For an instant a smile lingered at her lips, but it seemed to come hard. It was all too plain that she hadn't smiled many times in the past days. But for some unaccountable reason Bruce's heart leaped when he saw it. It had potentialities, that smile. It seemed to light her whole face. He was suddenly exultant at the thought that once he understood everything, he might bring about such changes that he could see it often.

"They were just baby letters from—from Linda-Tinda to Bwovaboo—letters about the deer and the berries and the squirrels—and all the wild things that lived up here."

"Berries!" Bruce cried. "I had some on the way up." His tone wavered, and he seemed to be speaking far away. "I had some once—long ago."

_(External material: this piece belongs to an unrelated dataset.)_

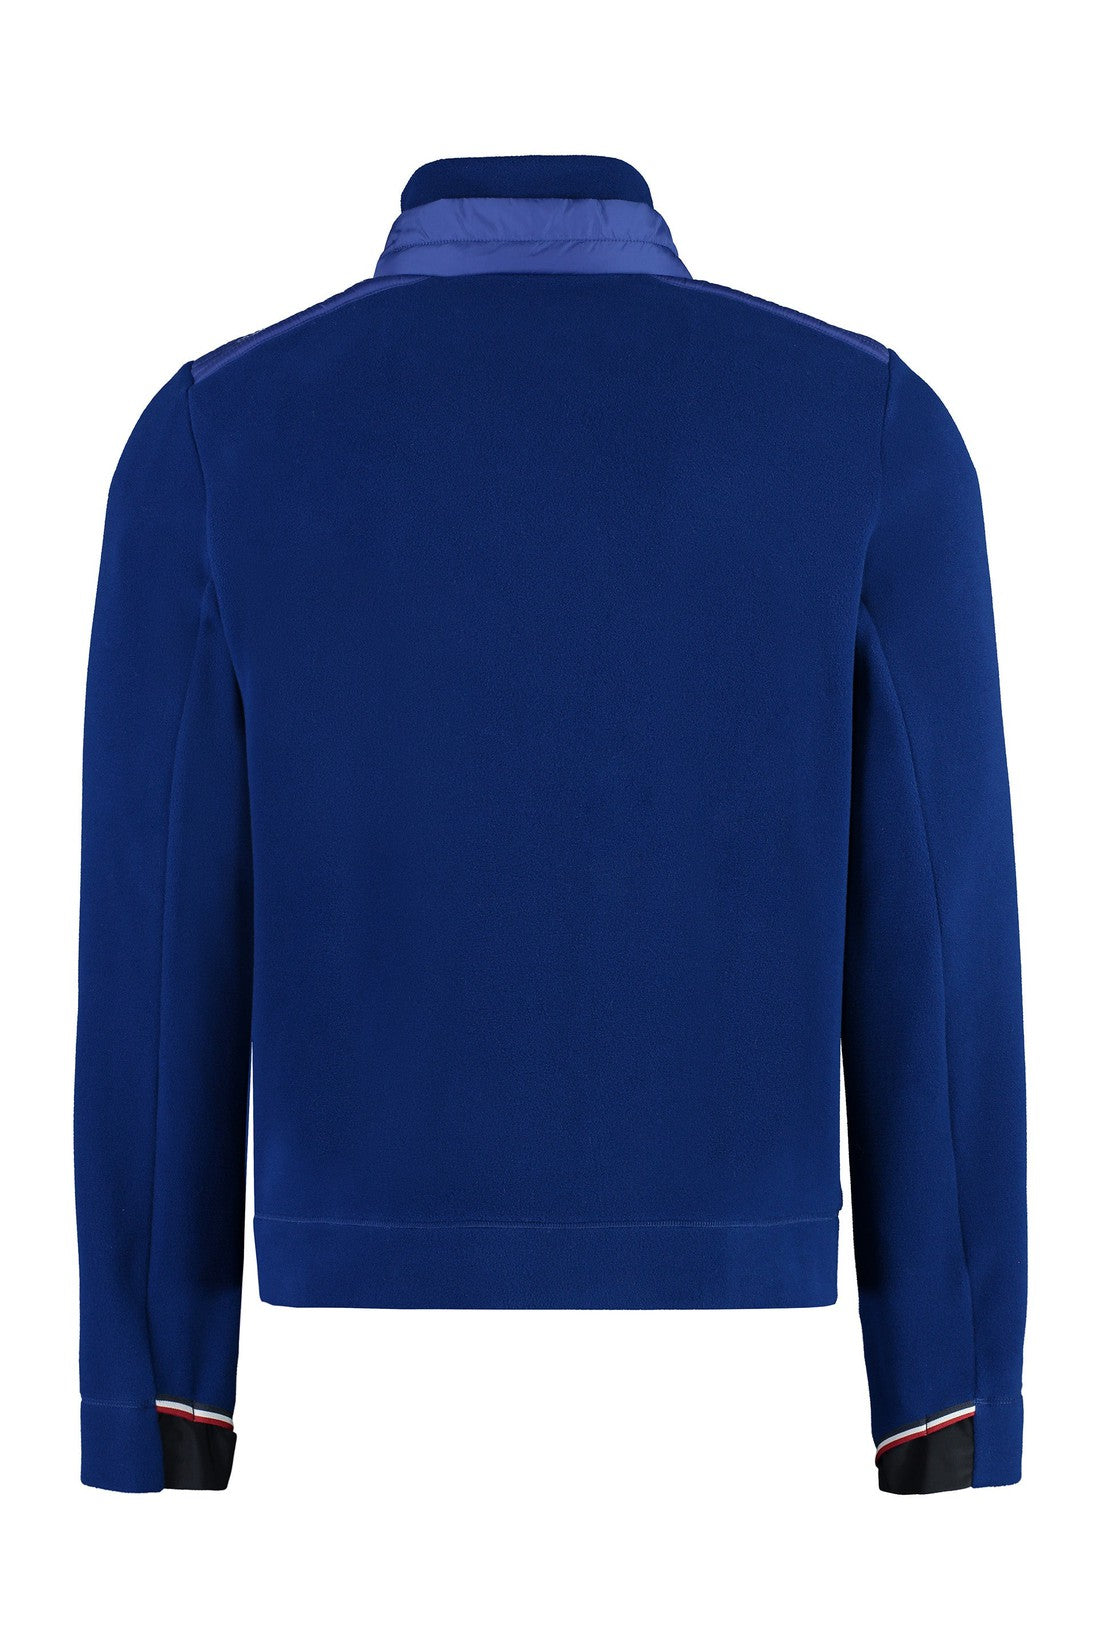 Moncler Grenoble-OUTLET-SALE-Fleece sweatshirt-ARCHIVIST

"Yes. You will understand, soon. I didn't understand why you didn't answer my letters. I understand now, though. You never got them."

"No. I never got them. But there are several Duncans in my city. They might have gone astray."

"They went astray—but it was before they ever reached the post-office. They were never mailed, Bruce. I was to know why, later. Even then it was part of the plan that I should never get in communication with you again—that you would be lost to me forever.

"When I got older, I tried other tacks. I wrote to the asylum, enclosing a letter to you. But those letters were not mailed, either.

"Now we can skip a long time. I grew up. I knew everything at last and no longer lived with the family I mentioned before. I came here, to this old house—and made it decent to live in. I cut my own wood for my fuel except when one of the men tried to please me by cutting it for me. I wouldn't use it at first. Oh, Bruce—I wouldn't touch it!"

Her face was no longer lovely. It was drawn with terrible passions. But she quieted at once.

"At last I saw plainly that I was a little fool—that all they would do for me, the better off I was. At first, I almost starved to death because I wouldn't use the food that they sent me. I tried to grub it out of the hills. But I came to it at last. But, Bruce, there were many things I didn't come to. Since I learned the truth, I have never given one of them a smile except in scorn, not a word that wasn't a word of hate.